Arriving at Fenstanton churchyard, Ashe and Hardman "go through the sinister rites and ceremonies which were to safeguard them against those powers with whom they supposed themselves to be leagued, for they are treacherous allies". On the grass to the north side of the church, close to a newly dug grave, they draw two concentric circles, between which they draw planetary symbols and write Hebrew letters symbolising "names of angels and of the Great Power". The omniscient narrator discloses that Ashe and Hardman are "earnest and credulous students of art magic" who plans to speak words that will compel the corpse of Mother Gibson to rise from the grave and give them locks of her hair and part of her shroud, which they will then use as ingredients for spells to "command the forces of nature".

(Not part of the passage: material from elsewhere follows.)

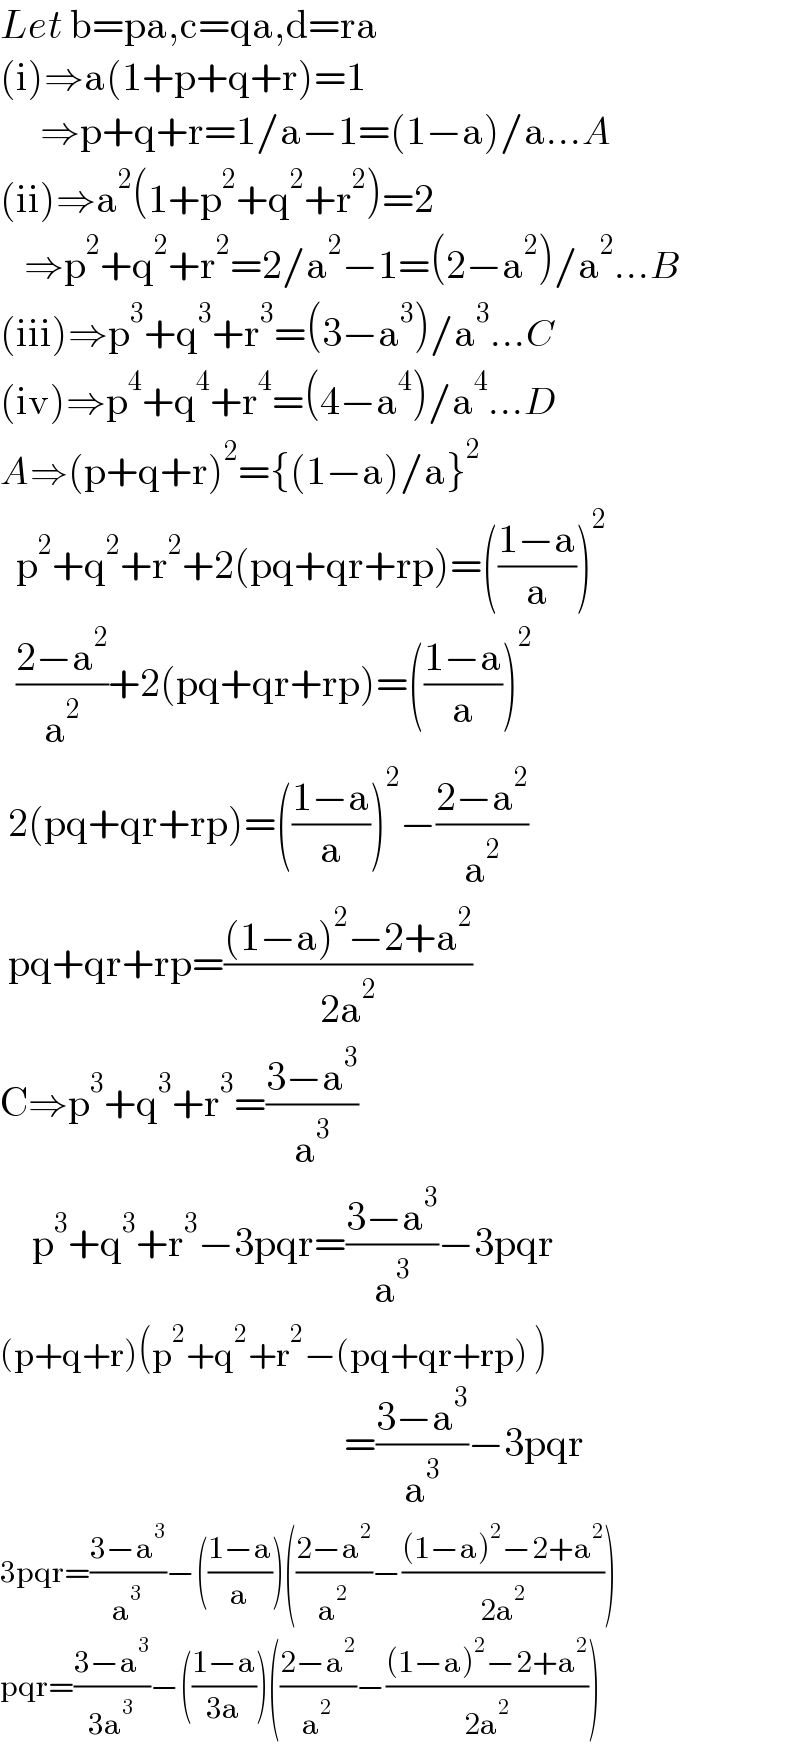 Let b=pa,c=qa,d=ra  (i)⇒a(1+p+q+r)=1       ⇒p+q+r=1/a−1=(1−a)/a...A  (ii)⇒a^2 (1+p^2 +q^2 +r^2 )=2     ⇒p^2 +q^2 +r^2 =2/a^2 −1=(2−a^2 )/a^2 ...B  (iii)⇒p^3 +q^3 +r^3 =(3−a^3 )/a^3 ...C  (iv)⇒p^4 +q^4 +r^4 =(4−a^4 )/a^4 ...D  A⇒(p+q+r)^2 ={(1−a)/a}^2     p^2 +q^2 +r^2 +2(pq+qr+rp)=(((1−a)/a))^2     ((2−a^2 )/a^2 )+2(pq+qr+rp)=(((1−a)/a))^2    2(pq+qr+rp)=(((1−a)/a))^2 −((2−a^2 )/a^2 )   pq+qr+rp=(((1−a)^2 −2+a^2 )/(2a^2 ))  C⇒p^3 +q^3 +r^3 =((3−a^3 )/a^3 )      p^3 +q^3 +r^3 −3pqr=((3−a^3 )/a^3 )−3pqr  (p+q+r)(p^2 +q^2 +r^2 −(pq+qr+rp) )                                             =((3−a^3 )/a^3 )−3pqr  3pqr=((3−a^3 )/a^3 )−(((1−a)/a))(((2−a^2 )/a^2 )−(((1−a)^2 −2+a^2 )/(2a^2 )))  pqr=((3−a^3 )/(3a^3 ))−(((1−a)/(3a)))(((2−a^2 )/a^2 )−(((1−a)^2 −2+a^2 )/(2a^2 )))

At midnight, the two men stand within the circles and Hardman begins reading a Latin conjuration. As Hardman begins to read Psalm 91, a figure resembling "an enormous bat, with folded wings and hints of head approaching the human form" and eyes like "dusky red fire" is seen perched on Mother Gibson's grave. After Ashe faints, the creature enters the circle – "not flinching for an instant at angelic names or planetary symbols" – and slashes Hardman's face with its talons.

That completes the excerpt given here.